To me this can’t be an accident. It points to a fundamental difference between the alpha-beta search paradigm used by almost all existing chess engines and the deep-learning paradigm used by AlphaZero. The former approach is much more intuitive: you look at each of your moves, then the best responses of the opponent, then your best responses to those responses, and so on. You always need some way of evaluating the positions at the end of the search tree so you can say which is “best.” For that purpose, previous chess engines have leveraged all sorts of knowledge that the human engineers have programmed into them (with the advice of grandmasters).

This approach relies on human knowledge and heuristics, which could be an advantage or a disadvantage, depending on how accurate that knowledge is. Worse, this method always leads to a “horizon effect,” because the machine can’t take into account anything that will happen after the point where it chooses to truncate the search tree. In early chess computers the horizon effect was really severe. In more recent programs, the horizon is pushed back to the point where it rarely affects games with humans. But playing against AlphaZero, Stockfish ran into the horizon effect big-time. It could not see things that were going to happen 20 to 25 moves ahead.

How does AlphaZero avoid the horizon effect? To evaluate a position, it simply plays hundreds of random games from that position. To you or me this may seem like a crazy idea, but actually it makes a certain amount of sense. In some positions there may be only one “correct” way for White to win — but often in these positions Black is visibly in trouble anyway. If you give the position to two grandmasters, they might play the correct line and White would win. If you give it to two 2200 players, they may play almost correctly and White will still win. If you give the position to two 1400 players, they will make mistakes right and left — but White will still win. So the point is that even incorrect play will still give you a sense of who is winning, as long as the mistakes are equally distributed on both sides.

Because AlphaZero is playing complete games, albeit random and imperfect ones, it is not susceptible to the horizon effect. Consider, for example, blockaded or “fortress” positions. Machines that use alpha-beta search have real trouble evaluating these. Even good chess engines will mistakenly conclude that White is two or three pawns up, while humans will look at the position conceptually and say, “White has no way to break through.”

Give AlphaZero one of these same blockaded positions, and it will see that in the blockaded position White only wins 1 percent of the games and 99 percent end in draws. Therefore, it will avoid the blockaded position. Presto, one of the weaknesses of chess computers goes away.

Even more impressively, AlphaZero was able to evaluate sacrifices that were many moves deep. It did not do this by exact calculation. No doubt it does some brute force analysis, but way less than Stockfish.
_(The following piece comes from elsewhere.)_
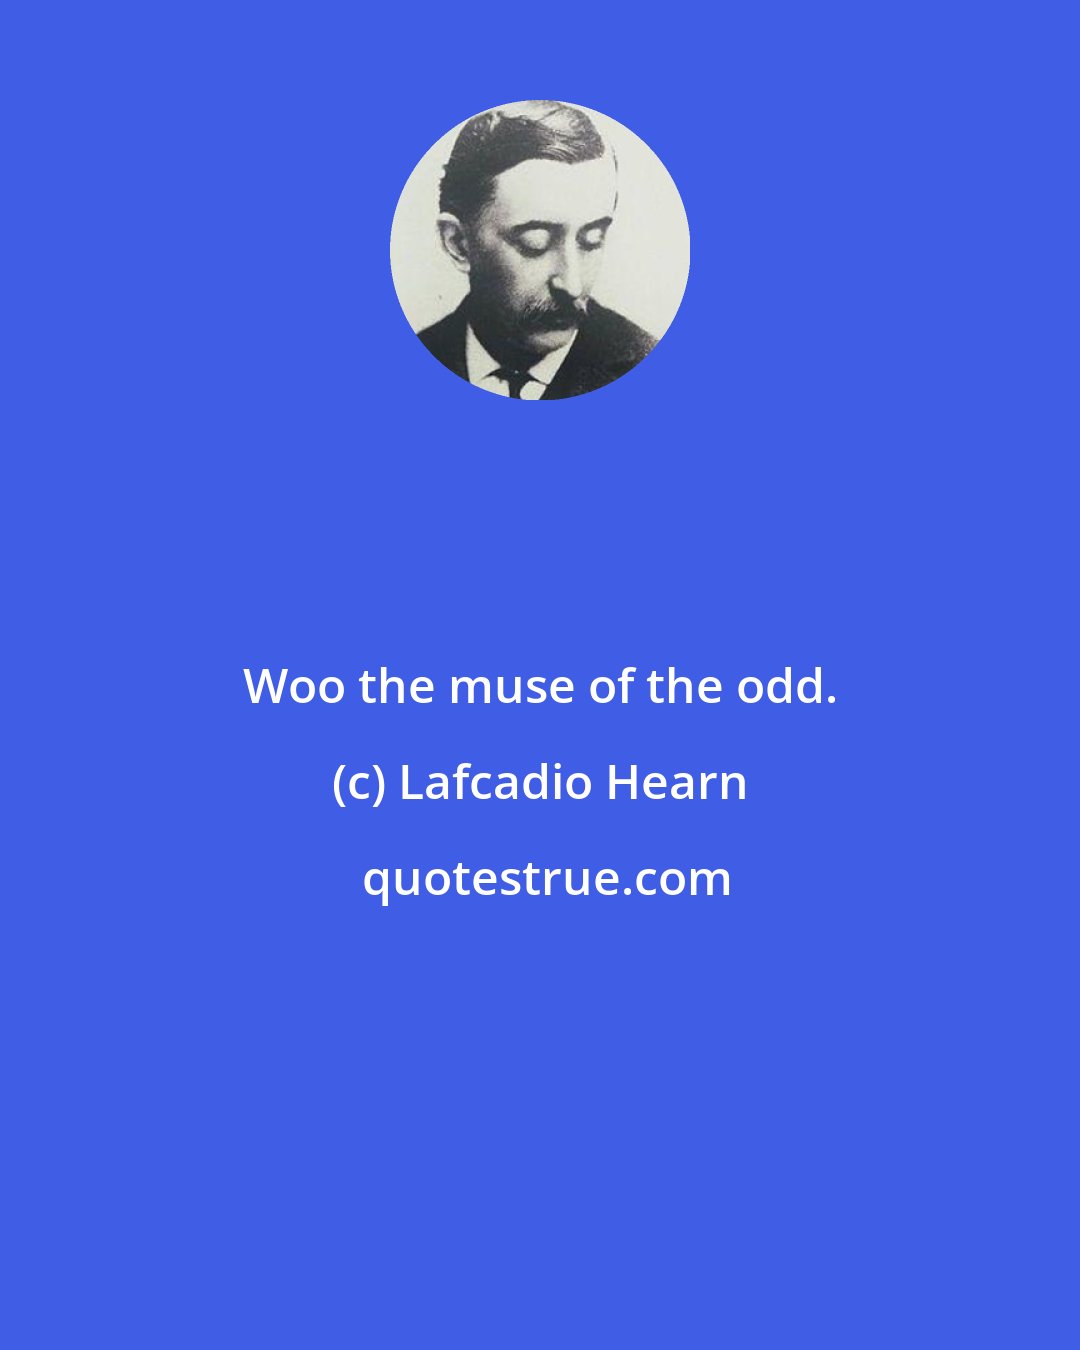 Lafcadio Hearn: Woo the muse of the odd.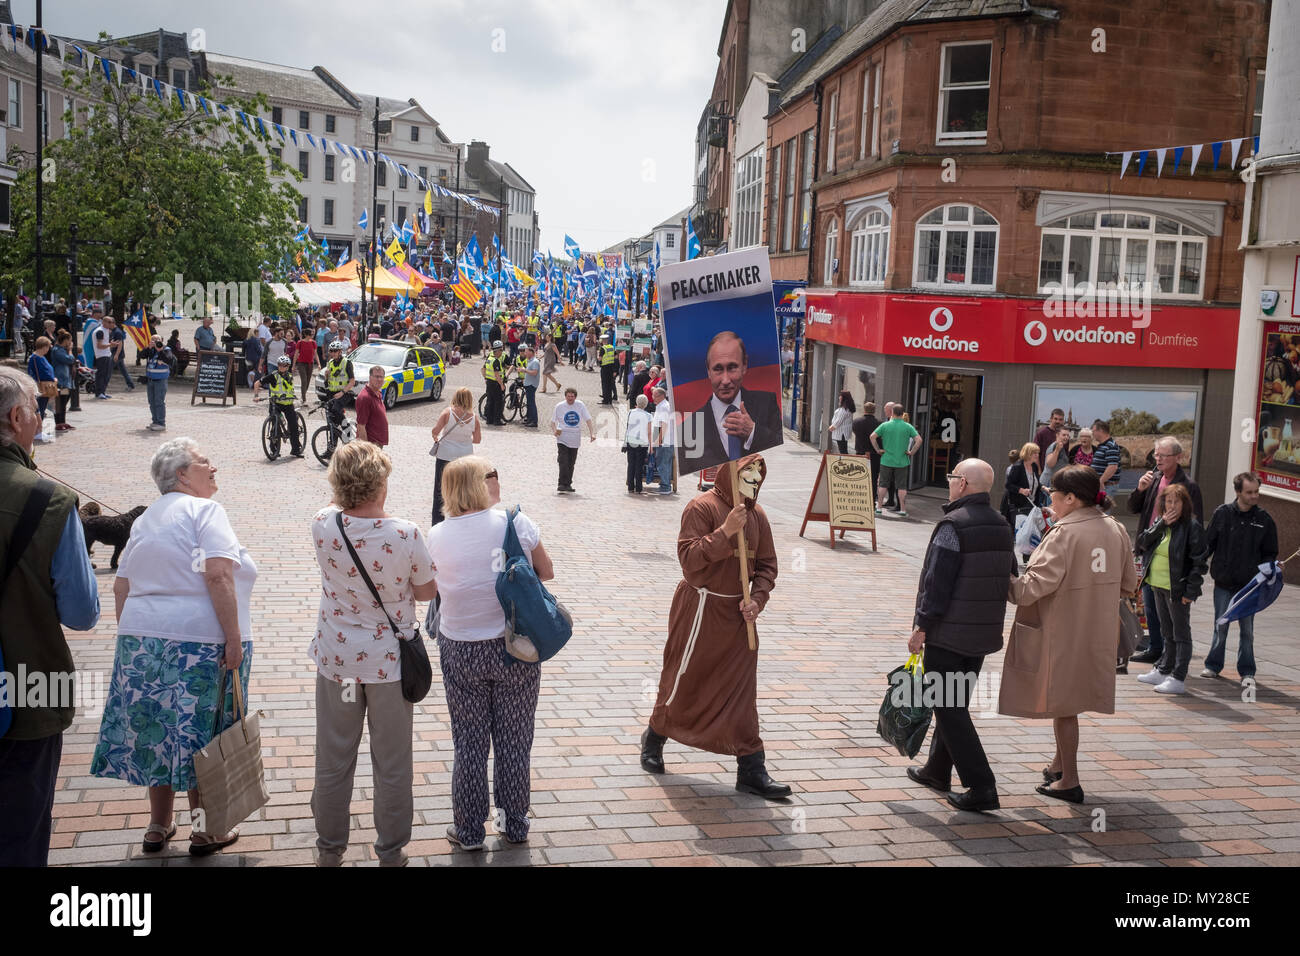 Dumfries town centre, Scotland, June 2nd 2018, a protester with a placard showing Vladimir Putin, wanders through the crowd before a march. Stock Photo

According to the paper, it searches 80,000 positions per second, compared to 70 million for Stockfish. Instead, it plays a bunch of random games with the sacrifice and sees that White wins 80 percent of them. As far as AlphaZero is concerned, that is good enough evidence that the sacrifice is a really good move. In a way we’re reversing the logic from above. If we see that White usually wins the position if it’s played by weaker players, chances are that White still wins if it’s played by grandmasters or superhuman chess computers.

There is one other conceptual difference between the way that AlphaZero and other engines do business, which I think is really important. Engines provide an assessment in terms of material equivalent; e.g., White is 1.5 pawns ahead. AlphaZero evaluates the position in terms of its expected winning percentage. If White wins 40 percent of the random games, draws 50 percent, and loses 10 percent, then the evaluation is 0.65 points, the expected number of points that White will score per game. (0.65 = 1 x 0.40 + ½ x 0.50) This is much more logical than evaluating the position in terms of pawns; after all, we play chess to win games, not to win pawns. Nevertheless, no previous machine or human has demonstrated a convincing ability to assess a position this way. Now AlphaZero has.

Once you grasp this point, you understand that AlphaZero’s approach is holistic, rather than reductionistic. It doesn’t reach evaluations by breaking the position down into material, space pawn structure, etc. Those are human heuristics, suitable for human brains. AlphaZero may not even know what a doubled pawn is! Instead AlphaZero lets the computer evolve its own heuristics, suitable for a silicon brain.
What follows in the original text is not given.